Ruins of Fountains Abbey on a fine autumn morning
The ruins of Fountains Abbey on a fine autumn morning/Credit: Getty

History of Fountains Abbey

The abbey’s story begins in 1132, when 13 monks from St Mary’s Abbey in York were granted land at Fountains to start a new abbey. Throughout the 1200s, the abbey grew in size, power and wealth. But by the 14th century, the combination of a rising tax bill, the invasion of northern England by the Scots and the Black Death almost brought it to its knees.
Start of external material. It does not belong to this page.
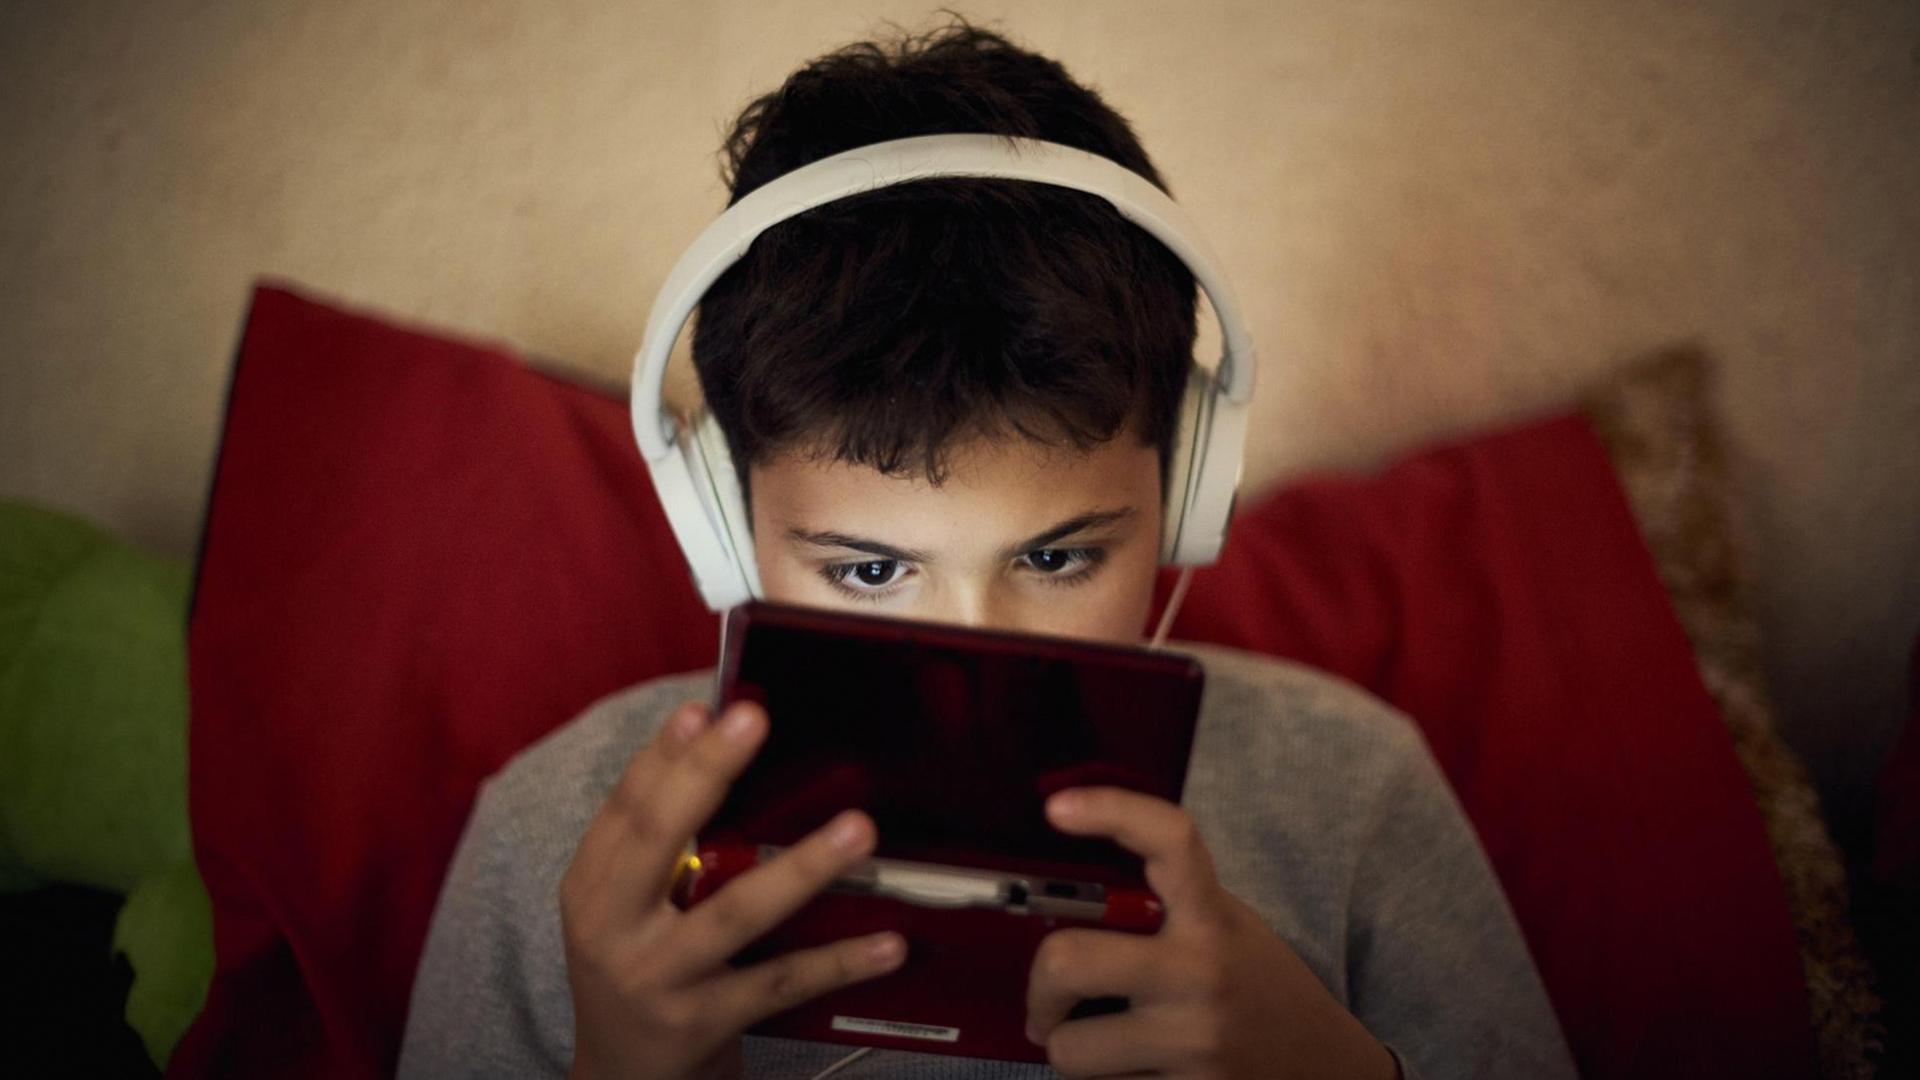 Symbolbild: Kind schaut in Handy, Kopfhörer auf den Ohren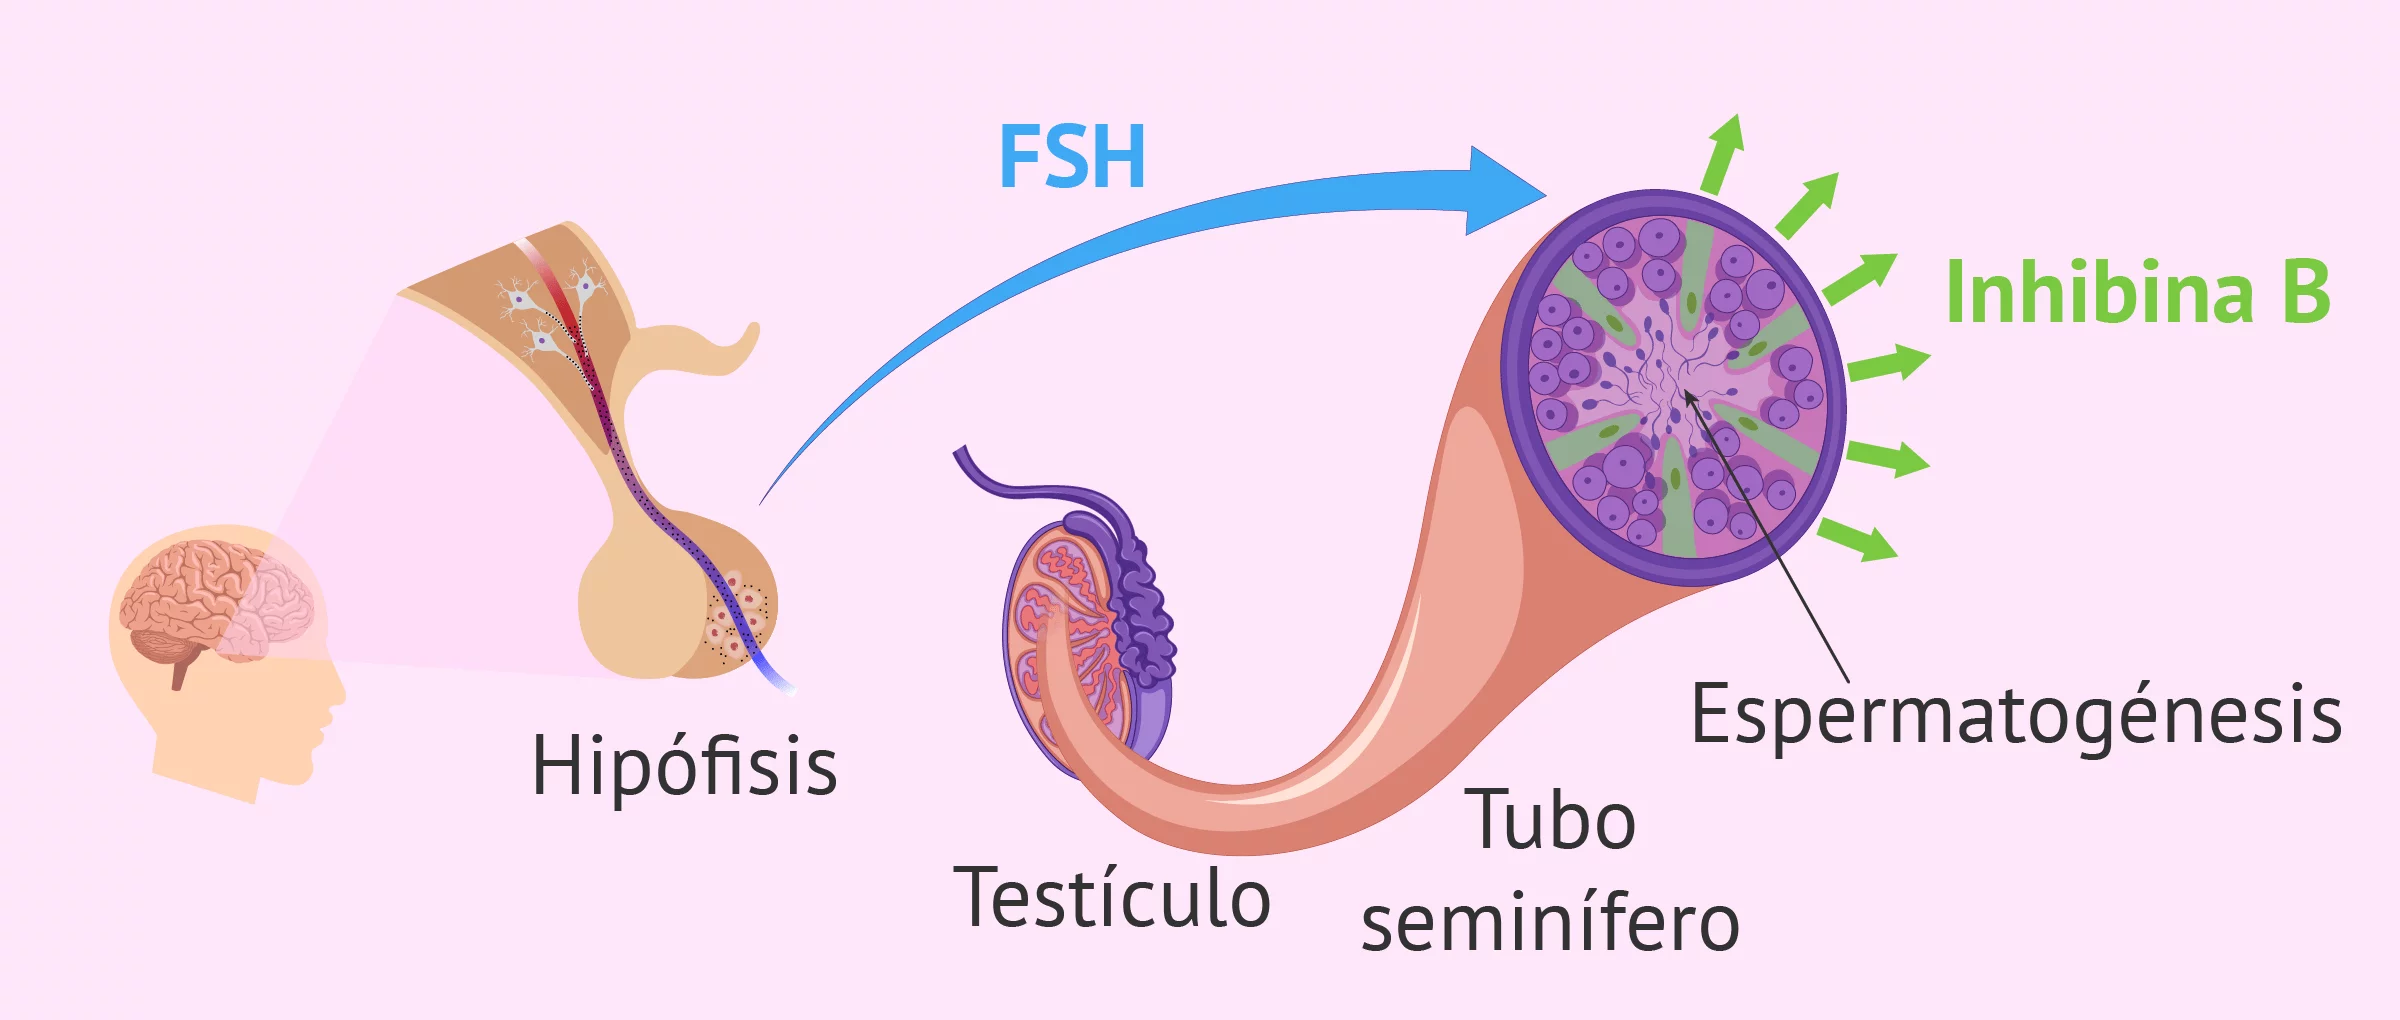 Hormonas que actúan en la espermatogénesis

However, in the early 15th century, the abbey regained some power and prestige – but it wasn’t to last.

Henry VIII’s dissolution of the monasteries is, of course, the reason these fantastic buildings are in such a state of ruin today. But the reason so much of the impressive abbey remains complete is that the king intended to use the site for his own ends. A change of plans led to partial demolition in 1540.

Ruins in winter
Fountains Abbey in winter/Credit: Getty

The new owner of the site did make the abbey completely unusable again, as his king decreed – but he didn’t really do the full job, as he wanted to make a house from the ruin.

In 1693, the Aislabie family inherited Studley Estate, just north of Fountains, creating the impressive Studley Royal House and possibly the greatest 18th-century water garden in England, with ornamental lakes, cascades, temples and canals cutting through stunning scenery.

So, when you visit today, you’ll be spoilt for what to see first in the 800 acres of parkland. The ruins of the abbey are a big draw: you might think with Listed and World Heritage status, you’d be kept well away from the abbey, but that isn’t the case.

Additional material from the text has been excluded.